Here is the opinion by Judge Kavanaugh in Bluman v. FEC:
We respect the force of plainitffs’ arguments, as ably advanced by plaintiffs’ counsel. Under the relevant Supreme Court precedents, however, we must disagree with Plaintiffs’ submission. The Supreme Court has long held that the government (federal, state, and local) may exclude foreign citizens from activities that are part of democratic self-government in the United states. For example, the Supreme Court has ruled that the government may bar aliens from voting, serving as jurors, working as police or probation officers, or teaching at public schools. Under those precedents, the federal ban at issue here readily passes constitutional muster.
Judge Kavanaugh finds that the standard of scrutiny is tricky, but irrelevant, because the law’s “ban on political contributions and expenditures by foreign naturals” “passes muster even under strict scrutiny.” Kavanaugh lists a number of cases where the government cannot discriminate against foreign nationals, but concludes that there are many cases in which “foreign citizens may be denied certain rights and privileges that U.S. citizens possess” including voting, jury service, police officers, teachers, and holding certain offices.
This sentence may cause a lot of angst on the left (and may be here quite intentionally):
“It is fundamental to the definition of our national political community that foreign citizens do not have a constitutional right to participate in, and thus may be excluded, from activities of democratic self-government. It follows, therefore, that the United States has a compelling interest for purposes of the First Amendment analysis in limiting the participation of foreign citizens in activities of American democratic self-government, and in thereby preventing foreign influence over the U.S. political process.
Kavanaugh notes that the Plaintiffs suggest that the “ban on foreign participation in the campaign process is the process of jingoistic sentiment in the United States and thus should not be accepted by courts.” This argument may prove appealing to some.
Citizens United makes its first appearance on page 12, where Kavanaugh cites Stevens’ dissent about banning foreign nationals from making campaign contributions. Kavanaugh finds that “the majority’s analysis in Citizens United [is] certainly not in conflict with Justice Stevens’s conclusion on this particular aspect about foreign influence. Indeed, in our view, the majority opinion in Citizens United is entirely consistent with a ban on foreign contributions and expenditures.”

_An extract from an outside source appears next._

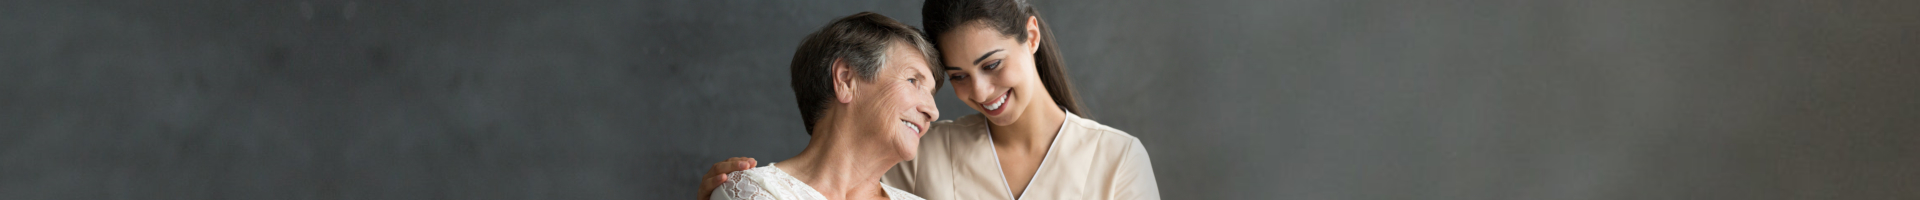 elder woman smiling with female caregiver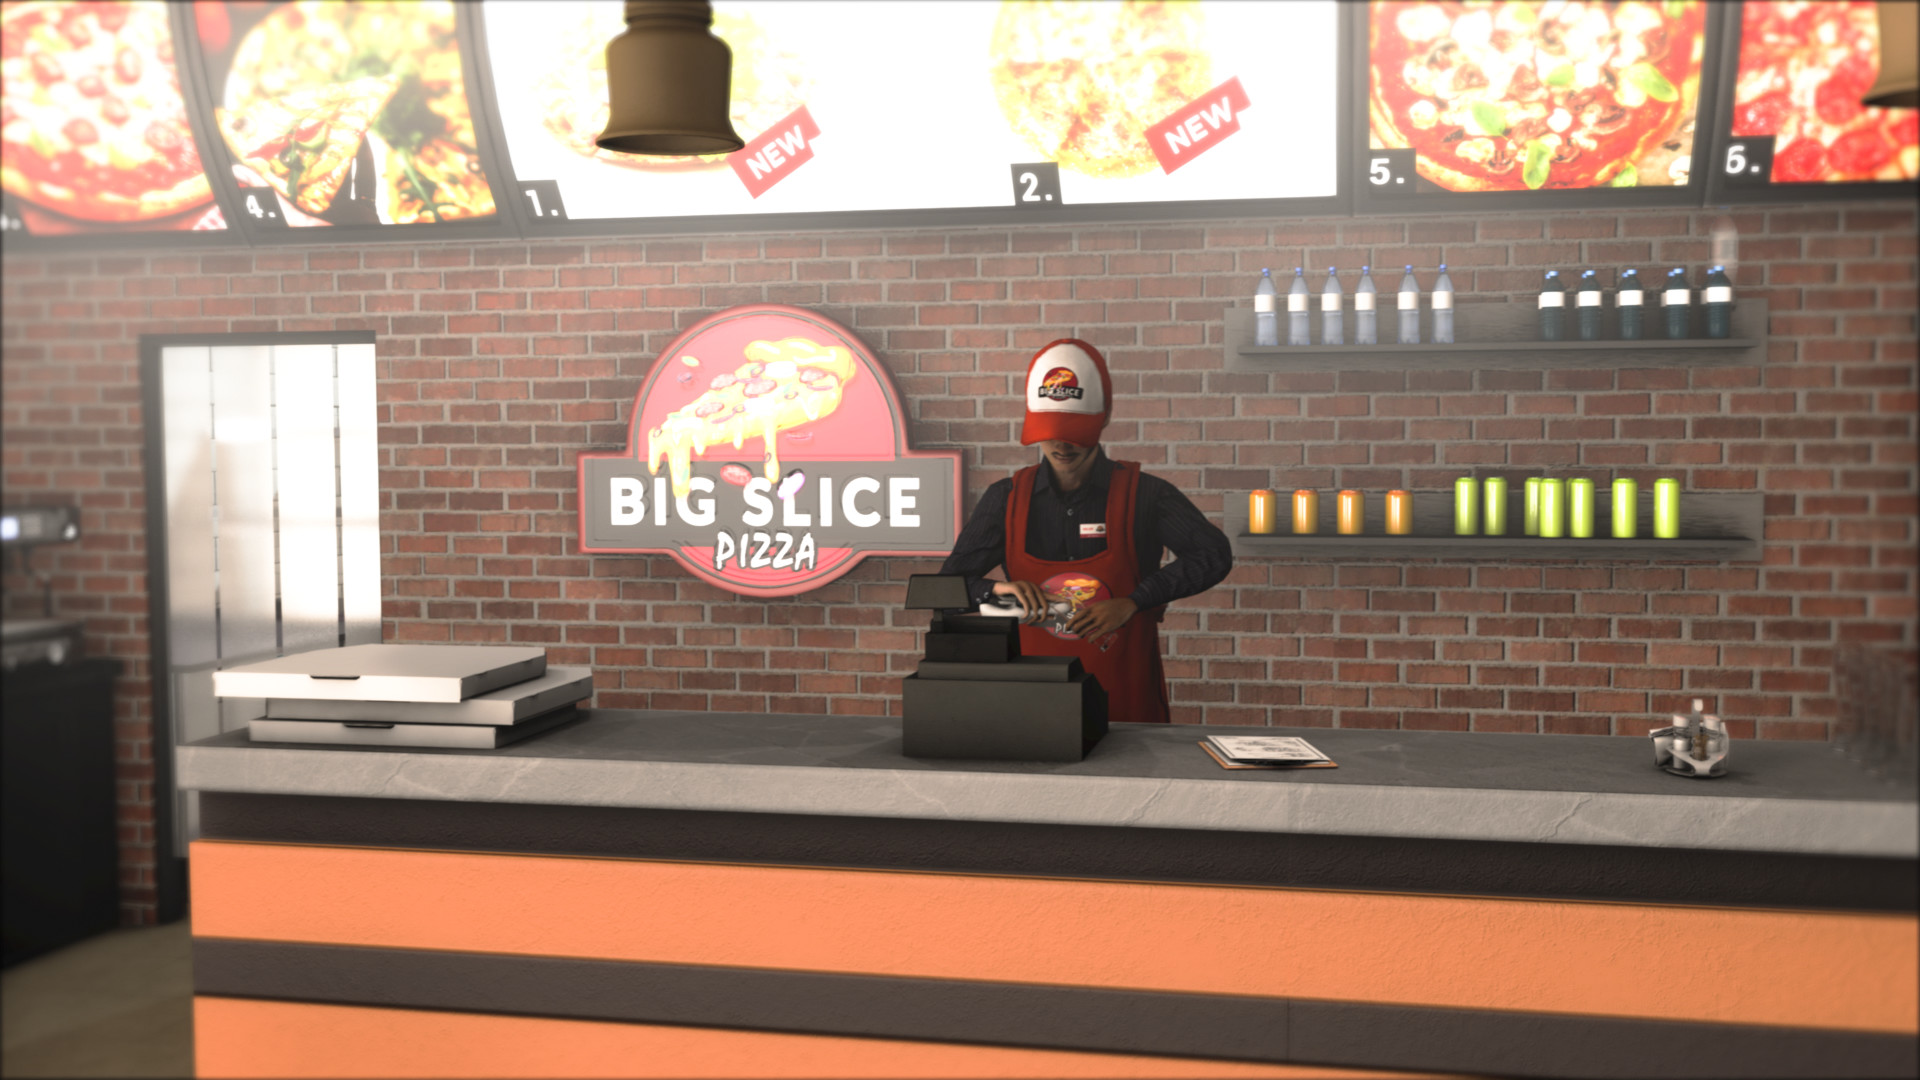 New & popular free Simulation games tagged pizza

With that guiding principle, Kavanaugh finds that political contributions and express-advocacy are part of democratic self-government.
In a footnote, Kavanaugh notes that foreign corporations–the real specter here–are likewise barred from making contributions and expenditures.
At Election Law Blog. Hasen writes:
While I am very happy with the ruling, and expect the Supreme Court will likely affirm if and when this case is appealed, I believe the rationale here is in considerable tension—not recognized at all by the panel here—with Citizens United‘s “more speech is better”/”the identity of the speaker” does not matter view of the First Amendment.
I think Hasen is right. There is barely any mention, whatsoever, of Citizens United. The Court automatically will review this case, so no need to wait for a cert petition. Stay tuned.
Disclosure: My colleague Yaakov Roth was one of the attorneys who brought this case.